Backer C L, Idriss F S, Zales V R, Ilbawi M N, DeLeon S Y, Muster A J, Mavroudis C
Division of Cardiovascular-Thoracic Surgery, Children's Memorial Hospital, Chicago, Ill.
J Thorac Cardiovasc Surg. 1991 Aug;102(2):288-95; discussion 295-6.
Surgical management of the conal (supracristal) ventricular septal defect differs significantly from the management of the perimembranous (infracristal) ventricular septal defect. The absence of a portion of the conal septum can lead to prolapse of the right cusp of the aortic valve, which predisposes these patients to aortic insufficiency. Between January 1980 and December 1989, 36 children with conal ventricular septal defect underwent intracardiac repair. Diagnosis was by echocardiography, cardiac catheterization, and intraoperative exploration. Preoperative evaluation showed that 26 patients (72%) had aortic valve prolapse and 16 (44%) had aortic insufficiency. Pulmonary-to-systemic flow ratios ranged from 1:1 to 3.5:1 (mean 2.0:1.0). Ten patients (27%) were believed to have clinical congestive heart failure. Age at the time of operation ranged from 2 weeks to 18 years (mean 5.5 years). Operative exposure was through the pulmonary artery (26), aorta (4), right ventricle (3), or right atrium (3). Simultaneous aortic valve suspension for aortic insufficiency was performed in four patients. Operative survival was 100%. Follow-up is complete in all patients and ranges from 0.5 to 9 years (mean 4.3 years). All patients are in normal sinus rhythm. No residual ventricular septal defects have been identified. Twenty-three of 36 patients (64%) have no evidence of aortic insufficiency; 12 of 36 (33%) have trivial or mild aortic insufficiency. One patient with initial severe aortic insufficiency underwent repeat aortic valvuloplasty 3 years after ventricular septal defect closure and aortic valve suspension. No patients have required aortic valve replacement. Surgical management of the conal ventricular septal defect differs from that of the perimembranous ventricular septal defect in two critical aspects. The operative approach should be through the pulmonary artery. This allows the best exposure of the remaining conal septum and the pulmonary and aortic valve leaflets, facilitating closure of the defect without injury to the valves or conduction system. Conal ventricular septal defects should undergo early closure, regardless of shunt volume, to prevent progressive aortic insufficiency.
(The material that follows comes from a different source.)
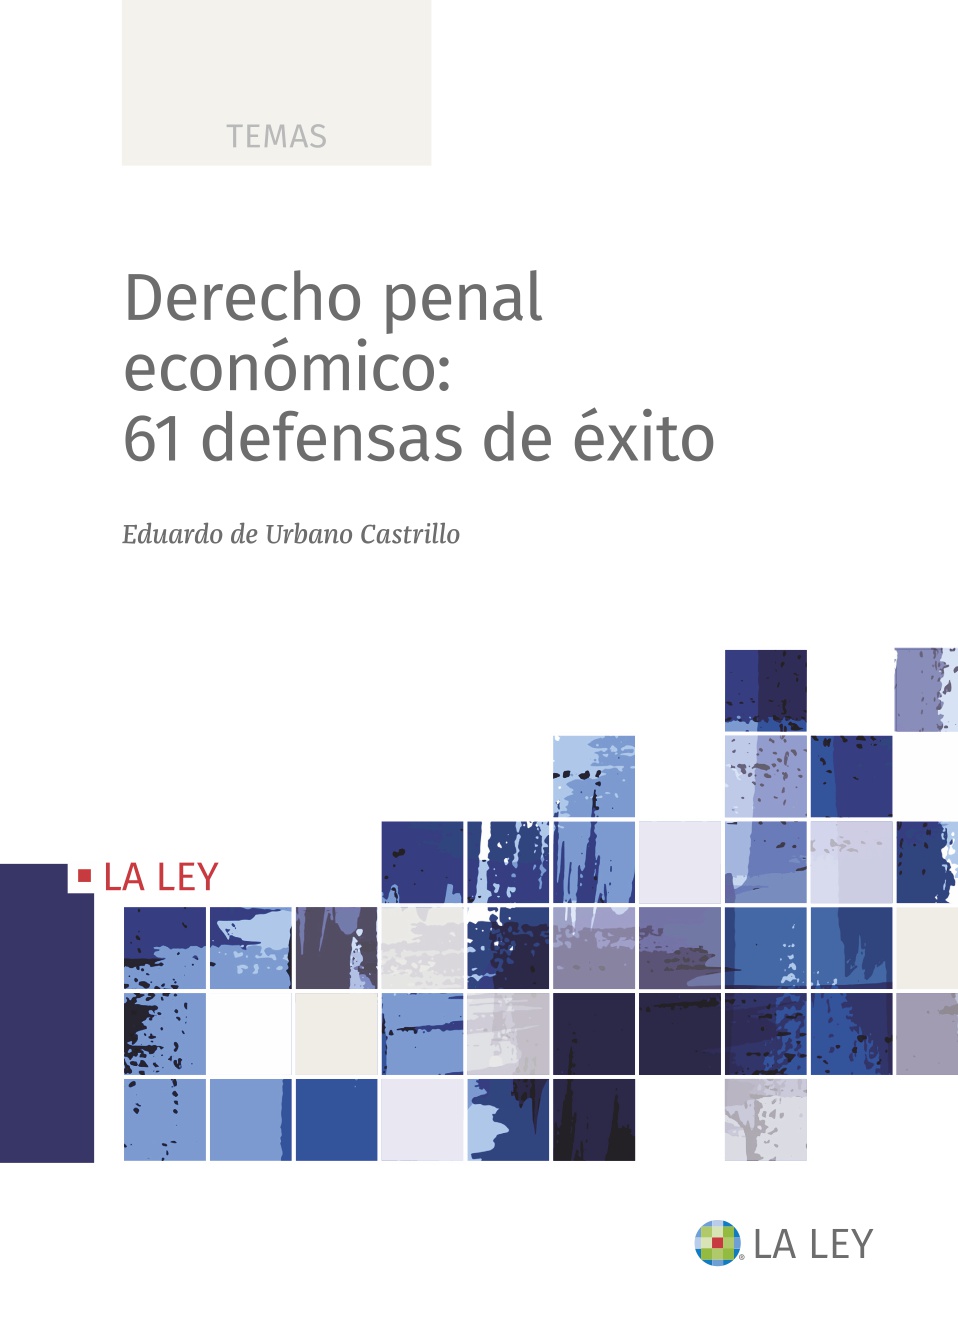 DERECHO PENAL ECONOMICO EDUARDO DE URBANO CASTRILLO

圆锥(嵴上型)室间隔缺损的外科治疗与膜周(嵴下型)室间隔缺损的治疗有显著差异。圆锥间隔部分缺如可导致主动脉瓣右冠瓣脱垂,使这些患者易患主动脉瓣关闭不全。1980年1月至1989年12月,36例圆锥室间隔缺损患儿接受了心内修复术。诊断通过超声心动图、心导管检查和术中探查。术前评估显示,26例患者(72%)有主动脉瓣脱垂,16例(44%)有主动脉瓣关闭不全。肺循环与体循环血流量之比为1:1至3.5:1(平均2.0:1.0)。10例患者(27%)被认为有临床充血性心力衰竭。手术时年龄为2周至18岁(平均5.5岁)。手术显露途径包括经肺动脉(26例)、主动脉(4例)、右心室(3例)或右心房(3例)。4例因主动脉瓣关闭不全同时行主动脉瓣悬吊术。手术生存率为100%。所有患者均完成随访,随访时间为0.5至9年(平均4.3年)。所有患者均为正常窦性心律。未发现残余室间隔缺损。36例患者中有23例(64%)无主动脉瓣关闭不全证据;36例中有12例(33%)有轻微或轻度主动脉瓣关闭不全。1例最初有严重主动脉瓣关闭不全的患者在室间隔缺损修补和主动脉瓣悬吊术后3年接受了再次主动脉瓣成形术。无患者需要行主动脉瓣置换术。圆锥室间隔缺损的外科治疗在两个关键方面与膜周室间隔缺损不同。手术入路应经肺动脉。这样能最佳显露残余圆锥间隔以及肺动脉瓣和主动脉瓣叶,便于在不损伤瓣膜或传导系统的情况下闭合缺损。圆锥室间隔缺损无论分流大小均应尽早闭合,以防止主动脉瓣关闭不全进展。